Chinese Foreign Ministry spokesman Hong Lei said China would not comment specifically on the cables.
"China consistently supports dialogue between the North and South sides of the Korean peninsula to improve their relations," Hong said at a regularly scheduled news conference.
In the leaked cable, Chun predicts the government in Pyongyang would last no more than three years following the death of ailing leader Kim Jong Il, who is seeking to transfer power to his youngest son Kim Jong Un, a political ingenue in his 20s.
Chun also dismisses the possibility of Chinese military intervention if North Korea descended into chaos.
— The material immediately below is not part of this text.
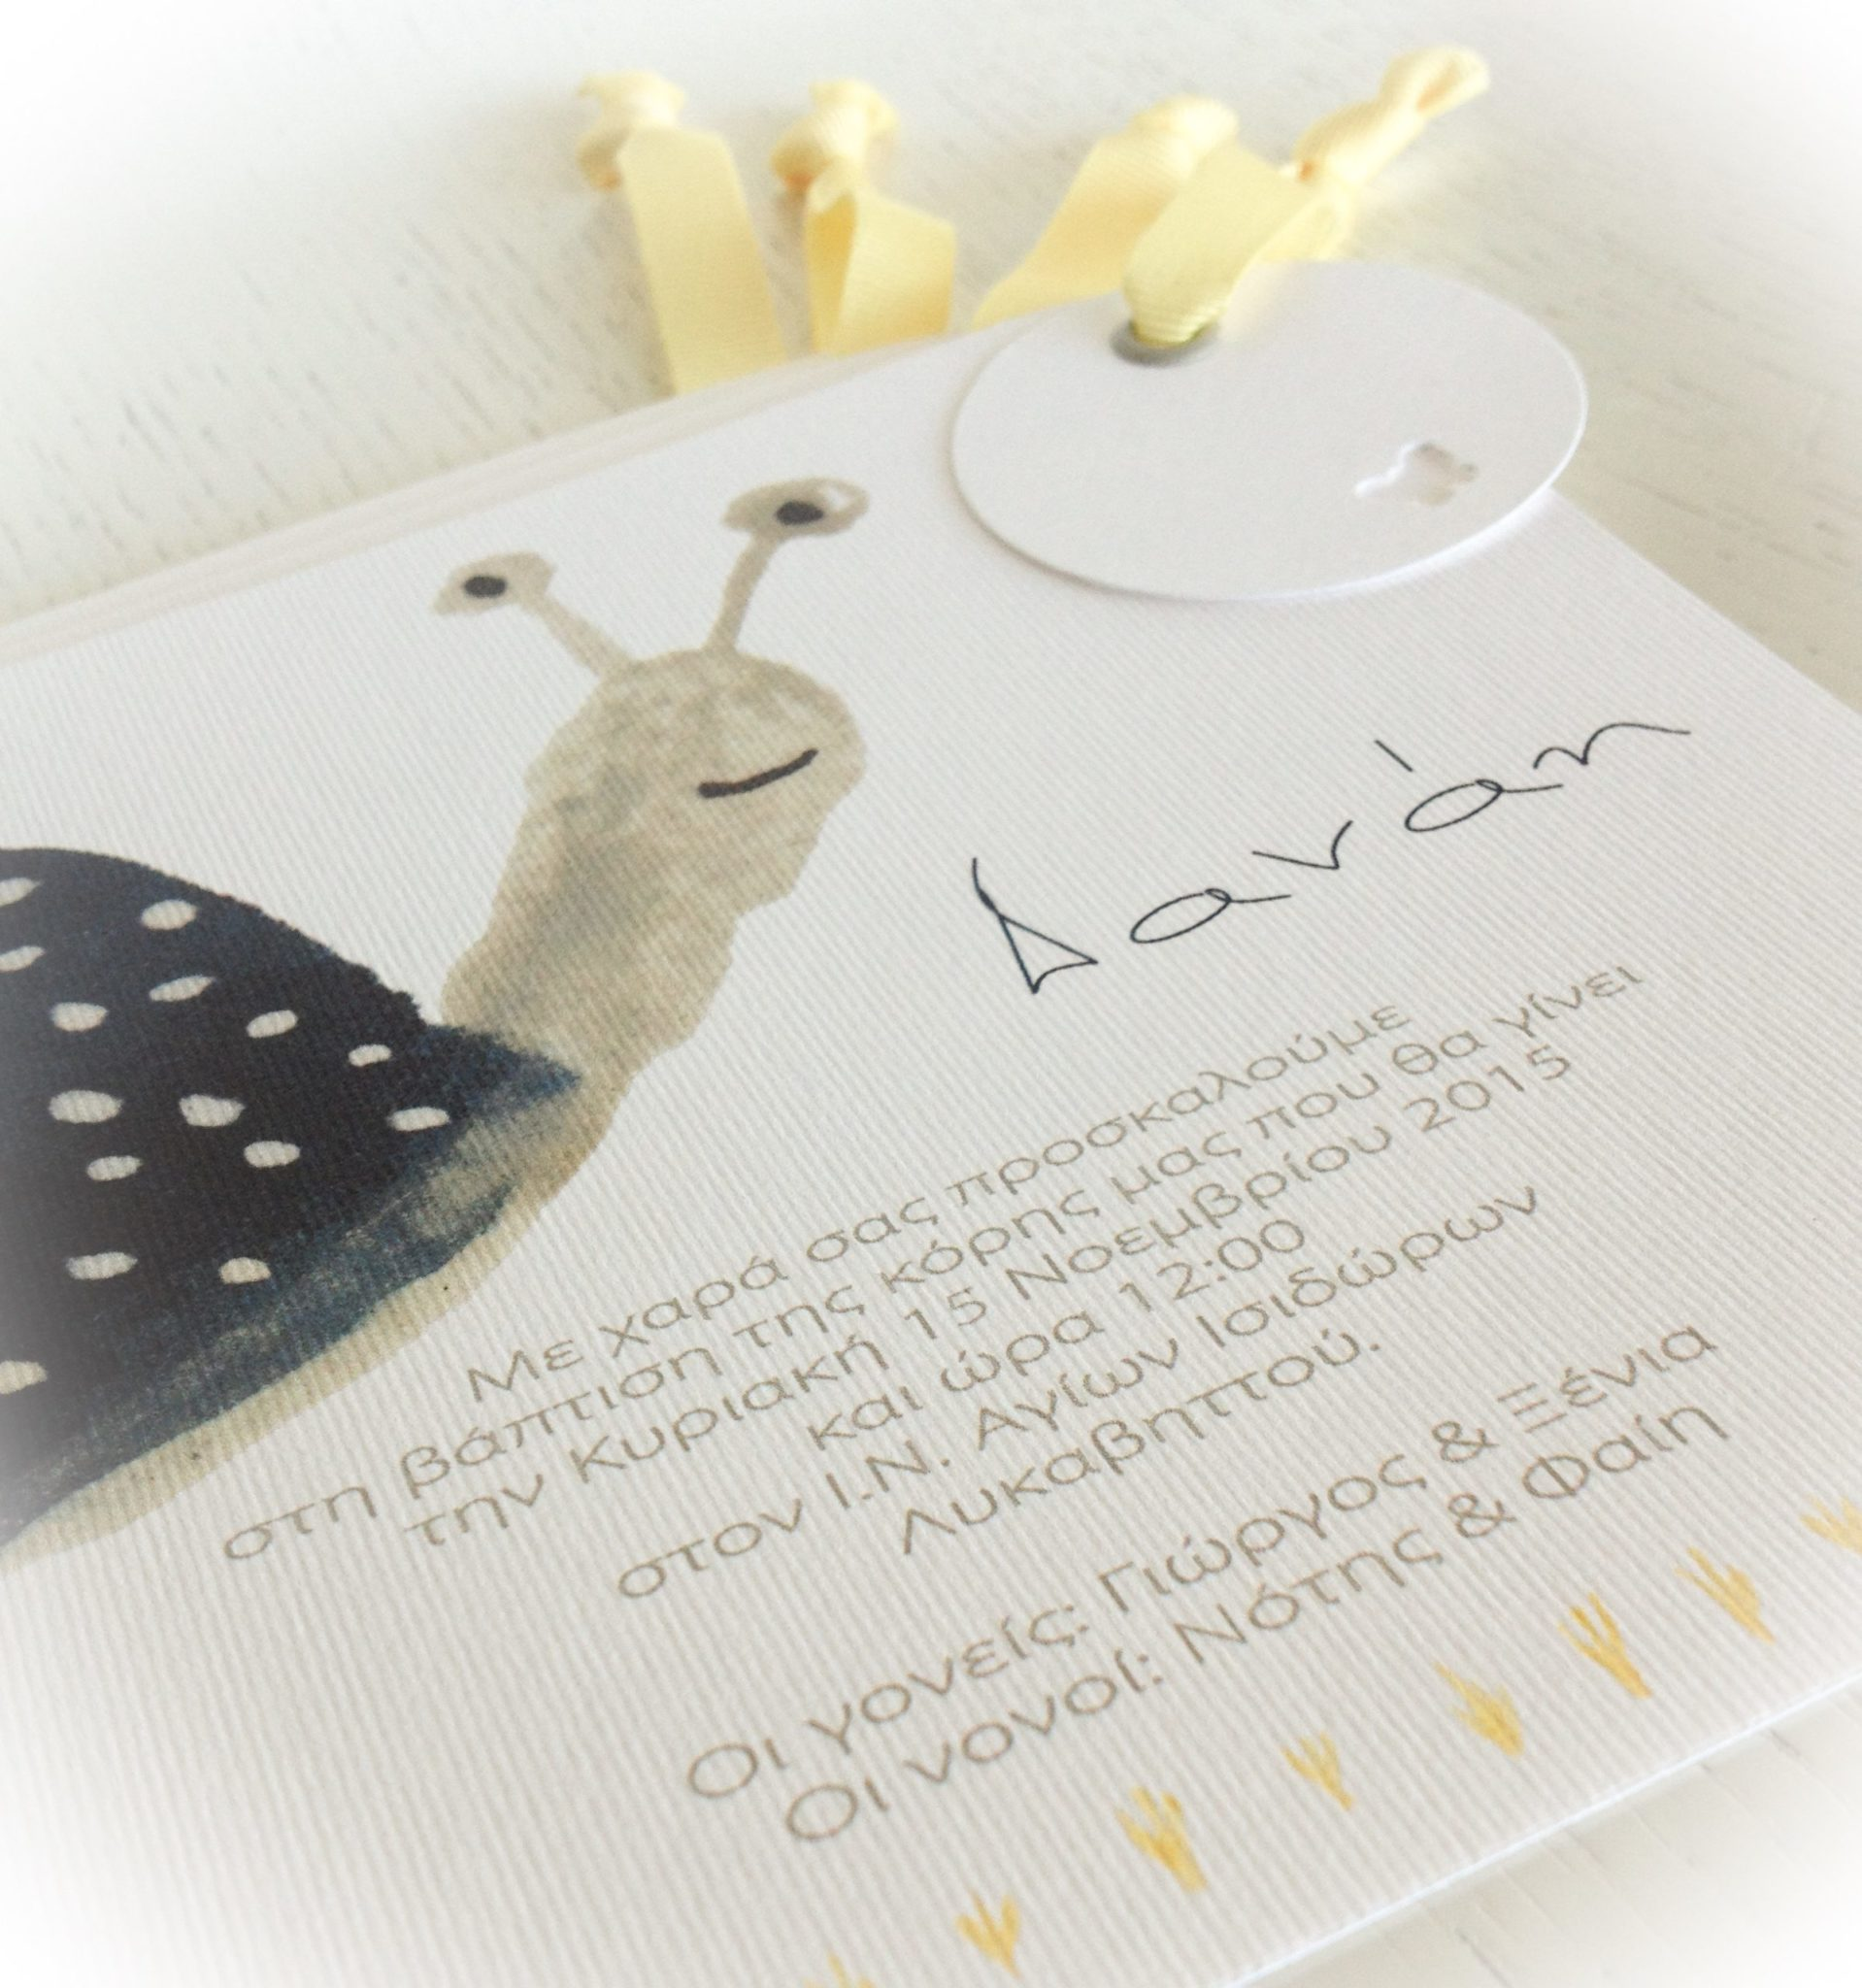 Snails And Butterflies-baptism invitation-closeup
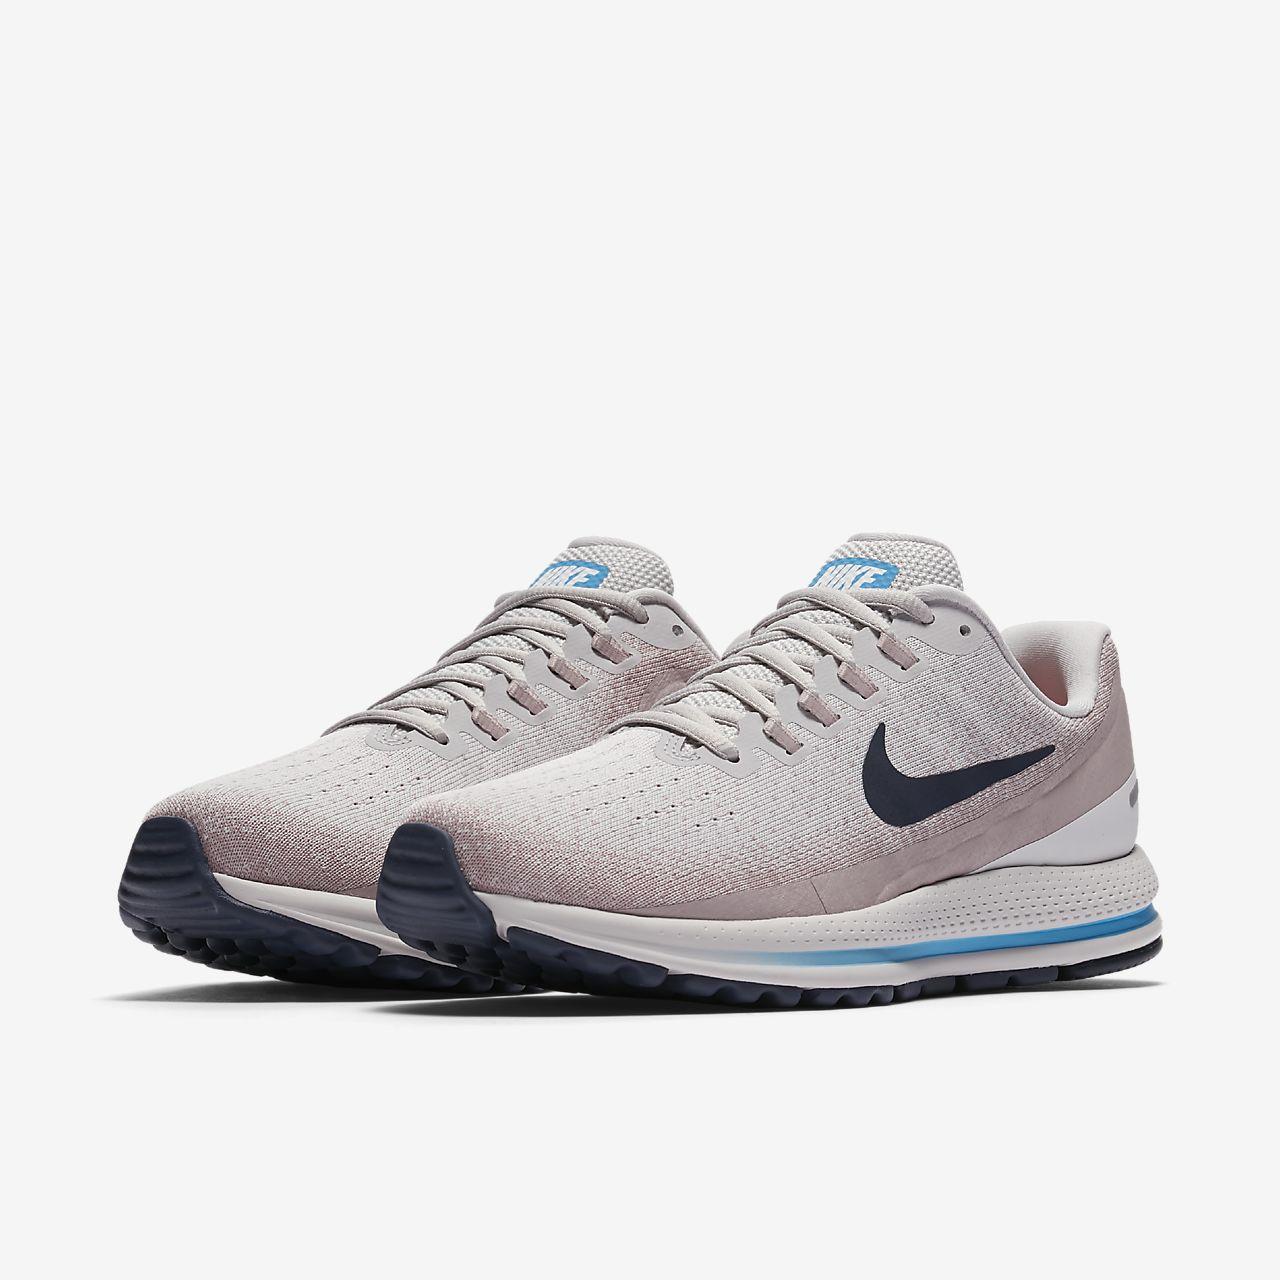 Nike Chaussures De Course Zoom Air Pegasus 35 - Rose / Gris Tonnerre Femmes Hyd3Idd

Despite that, China is preparing to handle any outbreaks of unrest along the border that could follow a collapse of the regime. Chinese officials say they could deal with up to 300,000 refugees, but might have to seal the border to maintain order, the memos say, citing an unidentified representative of an international aid group.
Chinese officials are also quoted using mocking language in reference to North Korea, pointing to tensions between the two neighbors in contrast to official statements underscoring strong historical ties.
Then-Deputy Foreign Minister He Yafei is quoted as telling a U.S. official in April 2009 that Pyongyang was acting like a "spoiled child" by staging a missile test in an attempt to achieve its demand of bilateral talks with Washington.
U.S. Secretary of State Hillary Rodham Clinton said Monday that WikiLeaks acted illegally in posting the leaked documents. Officials around the world have said the disclosure jeopardizes national security, diplomats, intelligence assets and relationships between foreign governments.
Five international media organizations, including The New York Times and Britain's Guardian newspaper, were among those to receive the documents in advance. The whistle-blower is also slowly posting all the material on its own site.